THE BOARD OF DIRECTORS RECOMMENDS A VOTE "FOR" THE ELECTION OF
DIRECTORS NOMINATED BY THE BOARD OF DIRECTORS AND "FOR" PROPOSAL 2. THE
PROXY, WHEN PROPERLY EXECUTED, WILL BE VOTED AS DIRECTED: IF NO DIRECTION IS
MADE, IT WILL BE VOTED "FOR" THE ELECTION OF DIRECTORS NOMINATED BY THE BOARD
OF DIRECTORS AND "FOR" PROPOSAL 2.
Whether or not you plan to attend this meeting, please sign and
return this proxy as promptly as possible in the enclosed post-paid envelope
to American Stock Transfer & Trust Company, 40 Wall Street - 46th Floor, New
York, New York 10005.
[X] Please mark your votes as in this example.
1. Election of Directors For [ ] Withheld [ ]
Nominees:
James Collins
Dominique Gignoux
Mashal Greenblatt
Gregory A. Harrison
Ira A. Hunt, Jr.
Frederick S. Rolandi
John D. Sanders
Bonnie K. Wachtel
For, except vote withheld from the following nominee(s):
________________________________________________________
2. In their discretion, the Proxies are authorized to vote upon such other
business as may properly come before the Meeting, and any adjournments or
postponements thereof.
For [ ] Against [ ] Abstain [ ]
I/We do ___ or do not ___ expect to attend this Meeting.

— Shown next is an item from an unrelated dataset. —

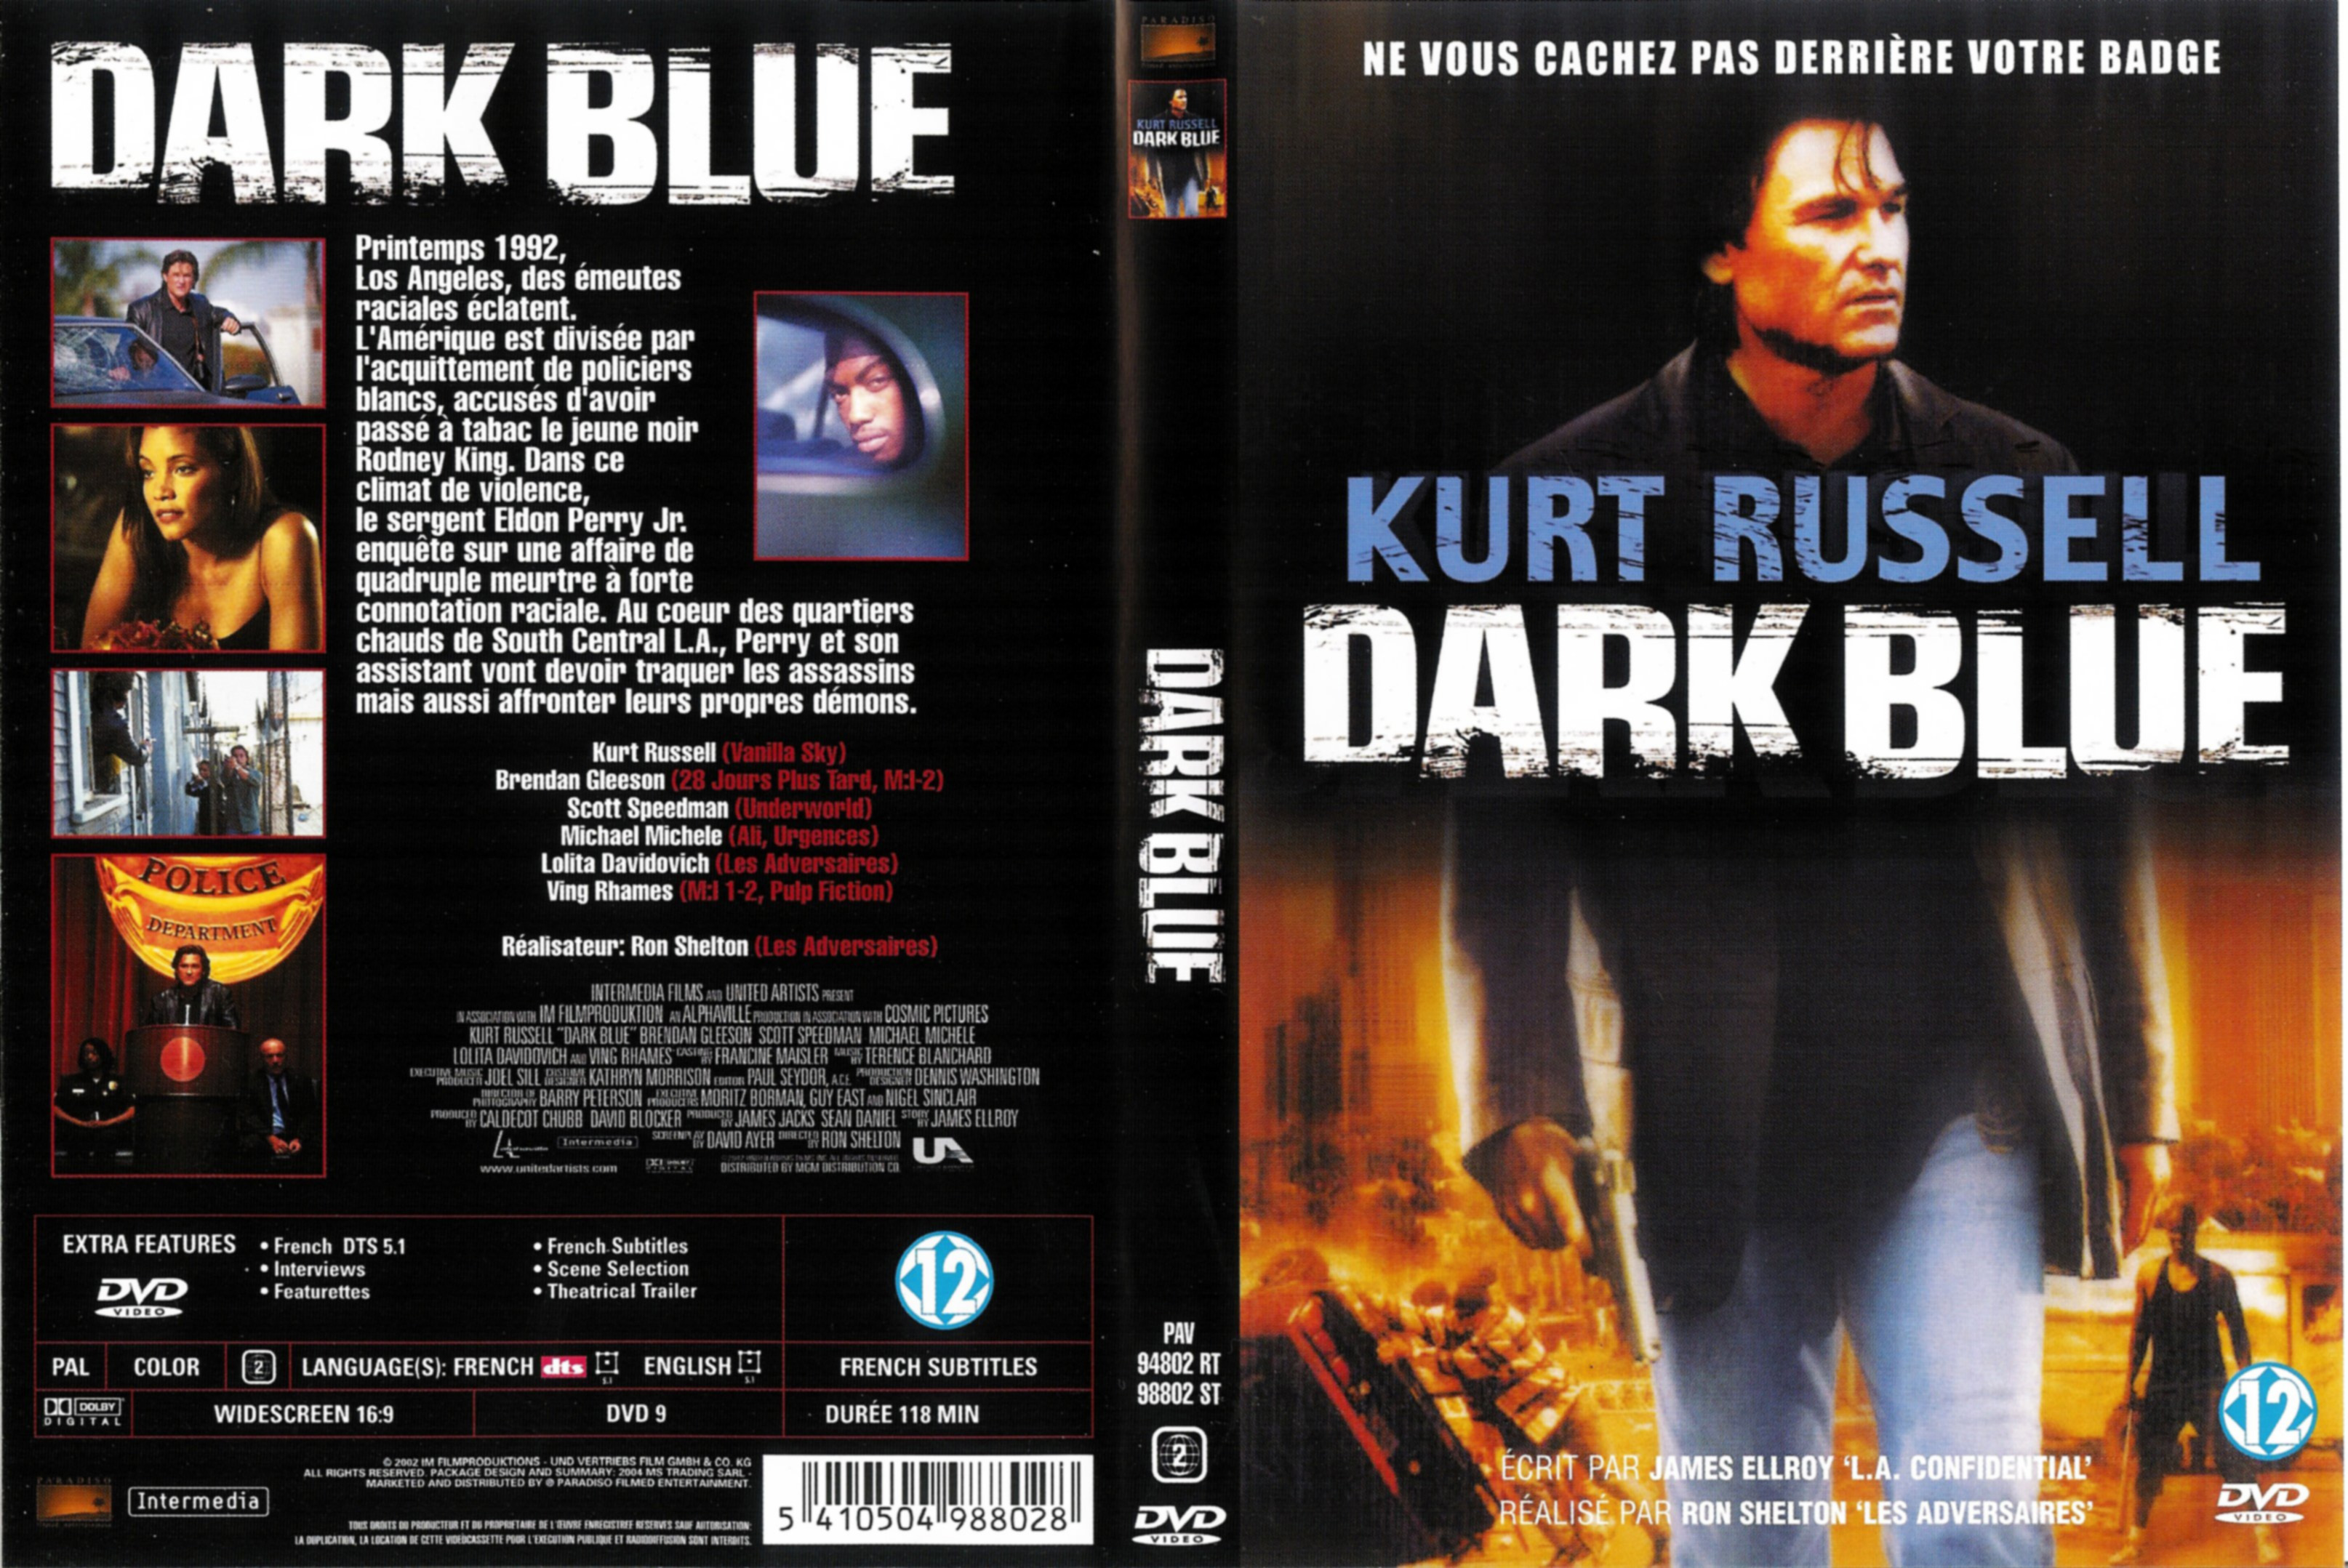 Jaquette DVD Dark blue v2
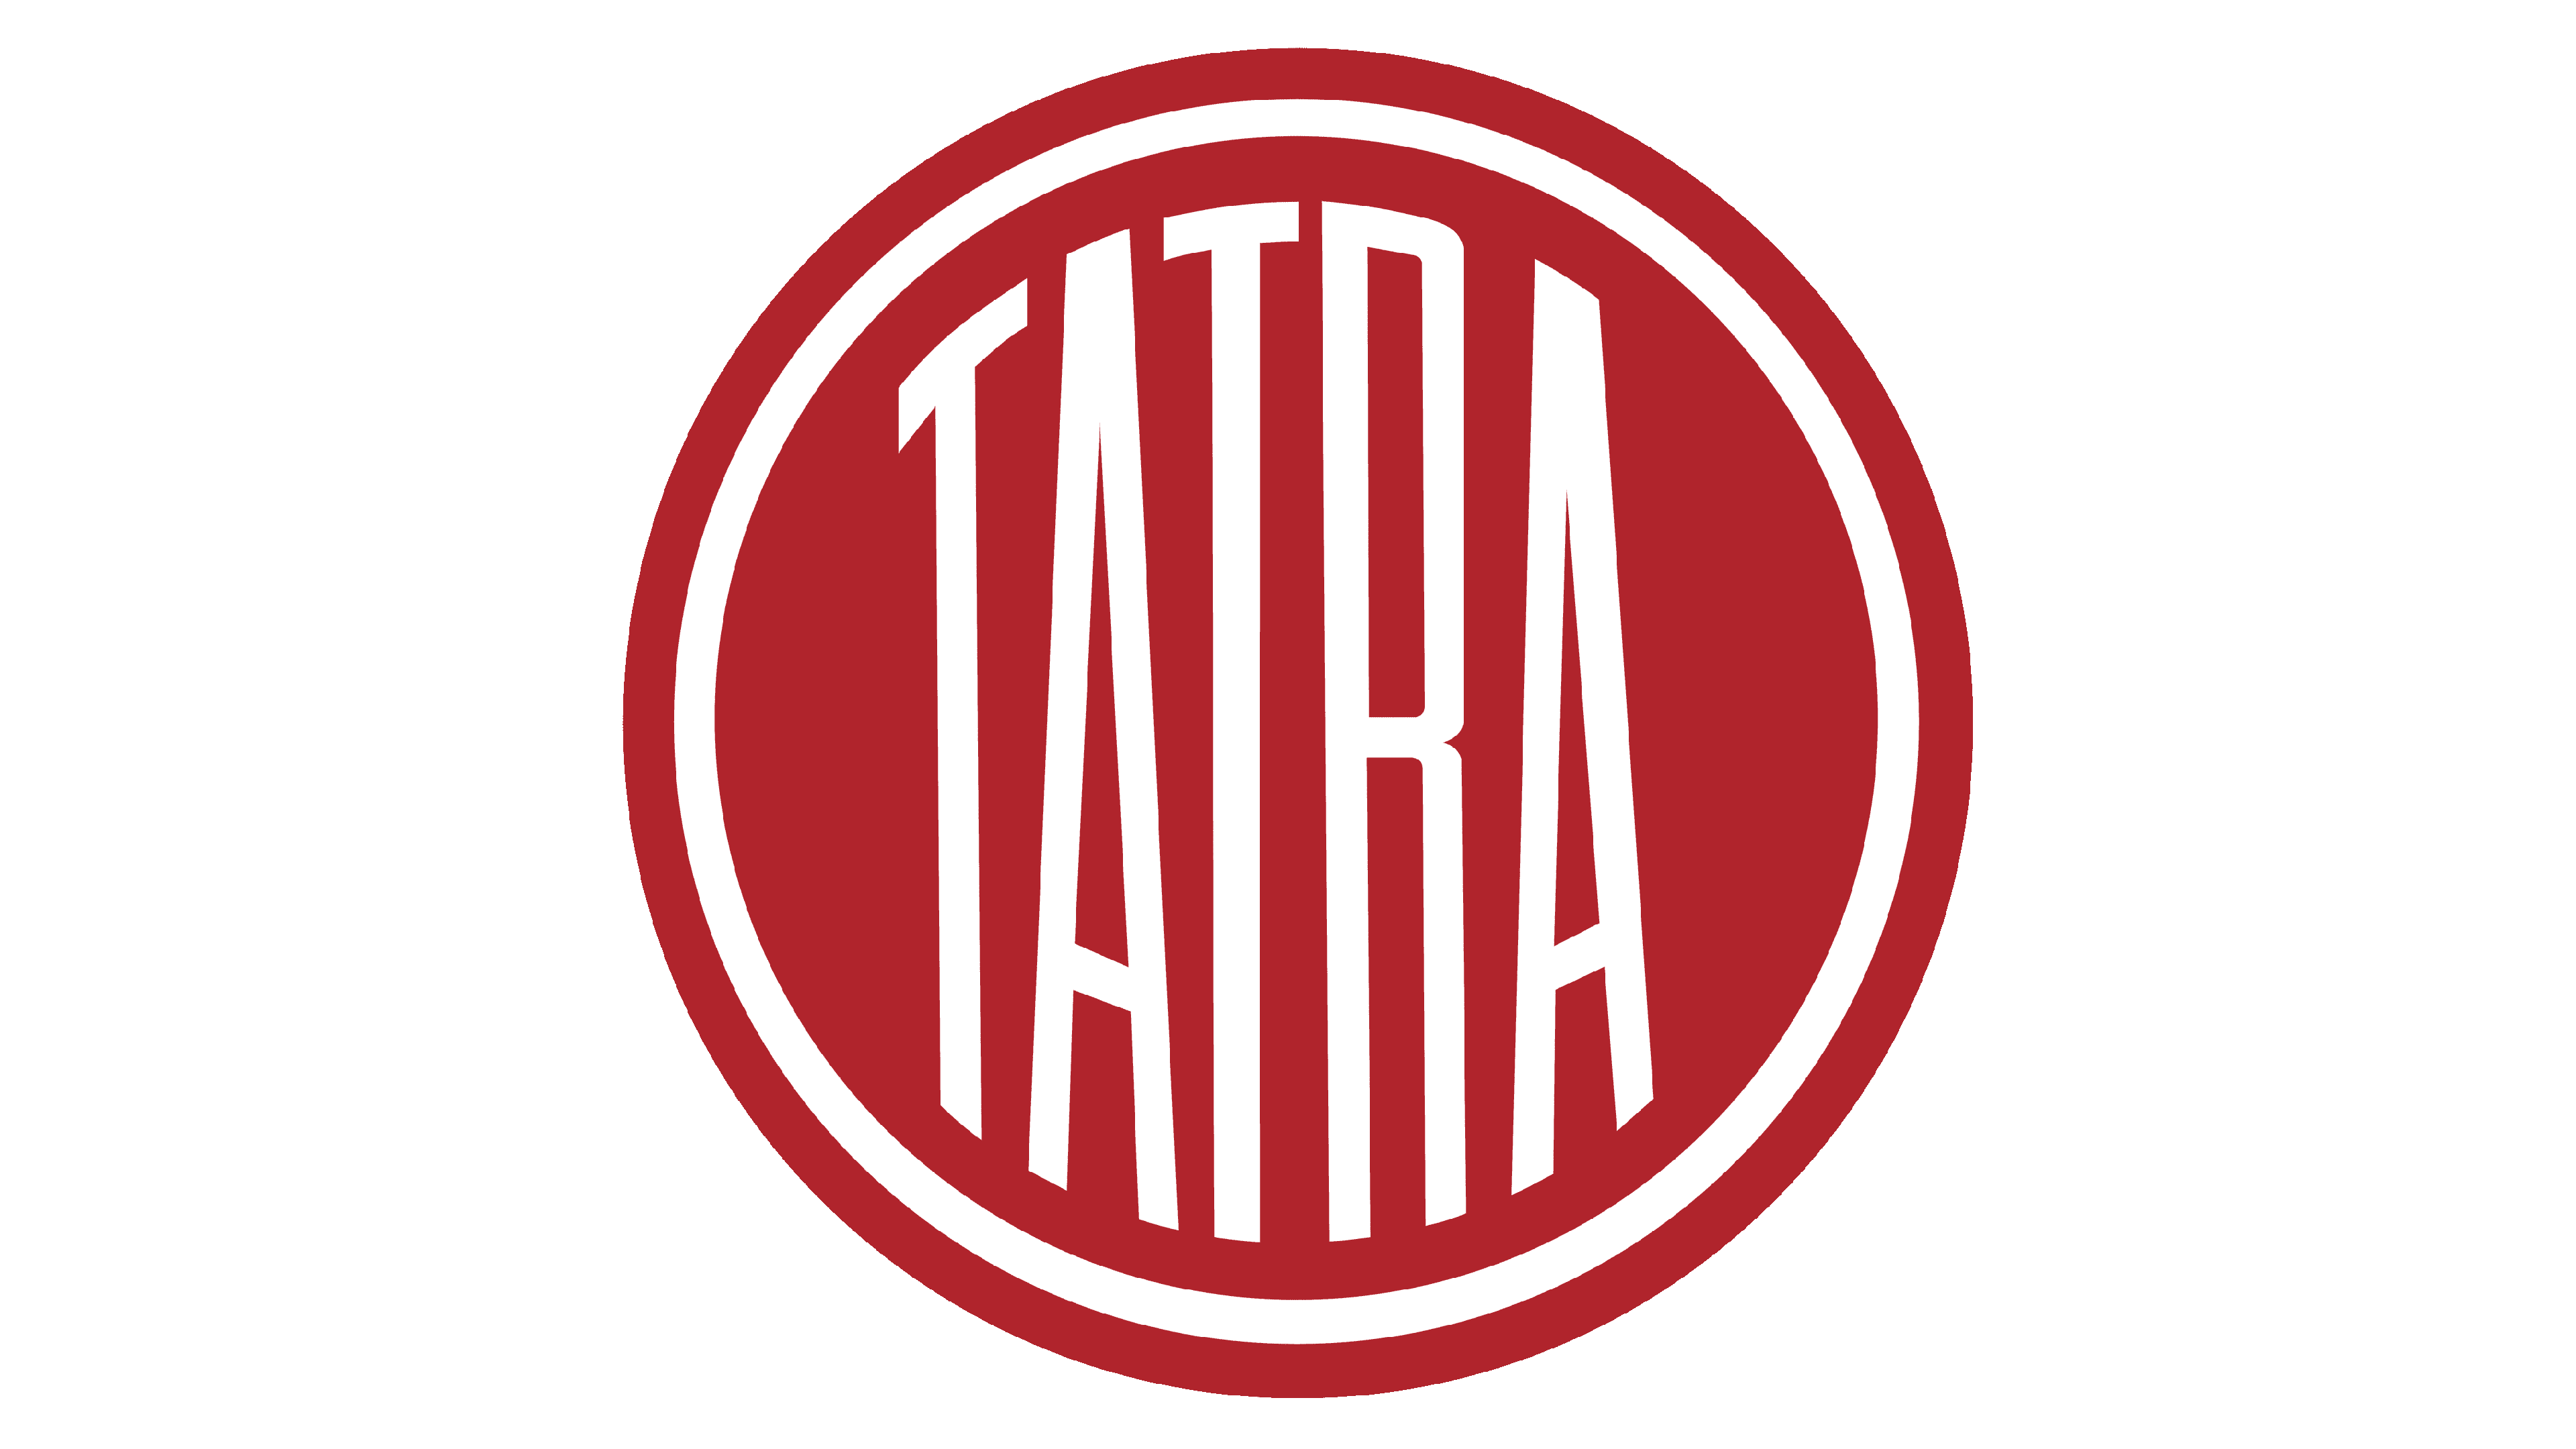 Www deal. Tatra логотип. Значок Татра. Логотип машина Татра. Tatra логотип auto.

SIGNATURE(S) __________________________________ DATE ___________
NOTE : Please date and sign exactly as your name(s) appears. When signing
as an attorney, executor, administrator, trustee, or guardian, please give
full title as such. If more than one trustee, all should sign. All joint
owners should sign. Only authorized officers should sign for corporation.